By Marshall Chasin, AuD
This is an abridged version of Dr Chasin’s September 18, 2012 blog column available by clicking here. —David Kirkwood, HHM Editor
It was a cold winter morning. The troops were unusually quiet, perhaps related to the “party” we had last night. The government had announced that they had discovered yet another digit for pi. For obvious reasons, the celebration went into the small hours of the morning. It was a welcome announcement, as things were not going well.
We were on the front lines. It seemed that, just as we captured another hill, NIOSH or OSHA or some other agency would change their minds. First, it was simply dB; then dB SPL; then dBA; and then back to dB SPL again. From time to time, we had visiting officers from the rear echelons who tried to convince us that we should really be fighting for Leq, or even one guy who suggested that we throw down our calculators and use Lex. Needless to say, he didn’t last long—someone accused him of belonging to Al-Gebra and he was soon arrested for trying to smuggle in weapons of math instruction.
But what are we really fighting for? Our families back home were happy with the decibel; actually my great-grandfather used to call it a Bel, but it was about 10 times too large for our uses so we divided it up in tenths and, using the metric system, called it a deciBel or dB. I recall as a youth we were also quite happy with just using dB SPL and I recall many wonderful bedtime stories where my mom and dad just said dB SPL as I gently fell asleep.
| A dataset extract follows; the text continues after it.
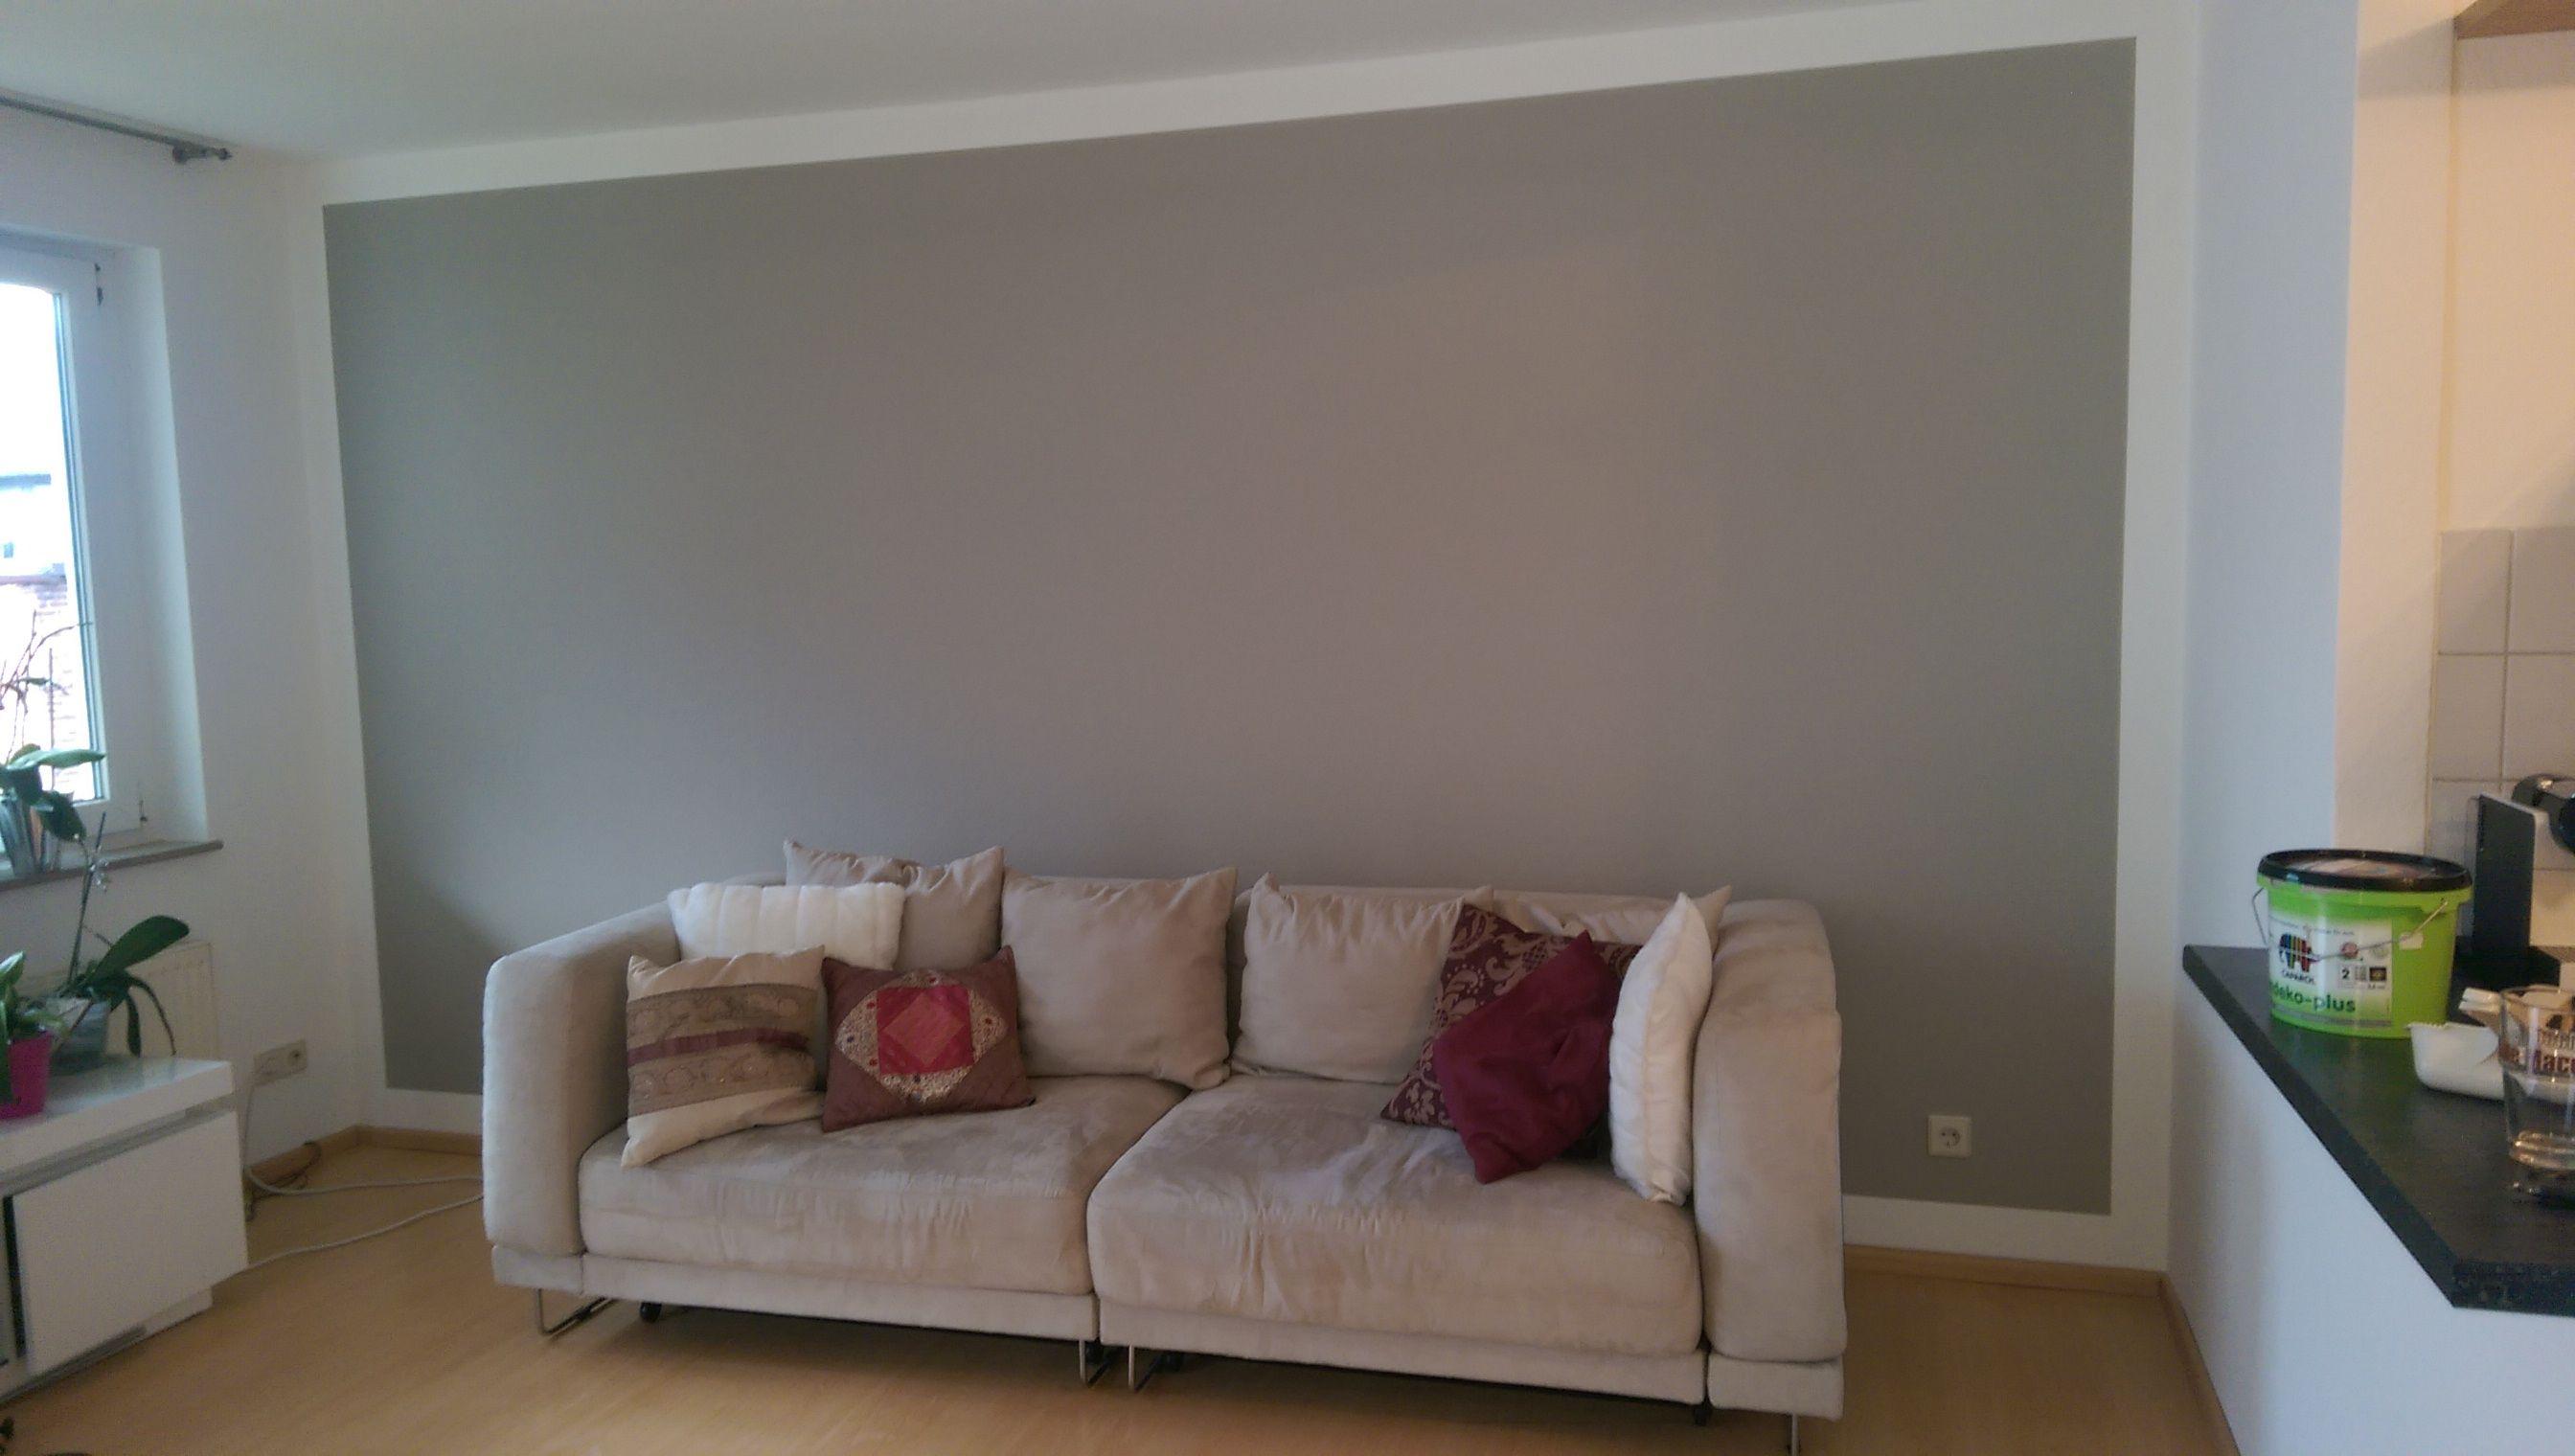 Farbige Wandgestaltung Ideen [droidsure.com]

The introduction of dBA was like a knife running through our civic souls. Why introduce another acronym? We were relatively happy, albeit not ecstatic, with dB SPL because we realized its limitations. Every kid did. The dB SPL scale treats all frequencies the same. It is a truly non-discriminatory scale. We can measure 500 Hz and get a measure of the level in dB SPL; we can measure 4000 Hz (my personal favorite) and also get a measure of the level in dB SPL. So why ruin something that seemed to work?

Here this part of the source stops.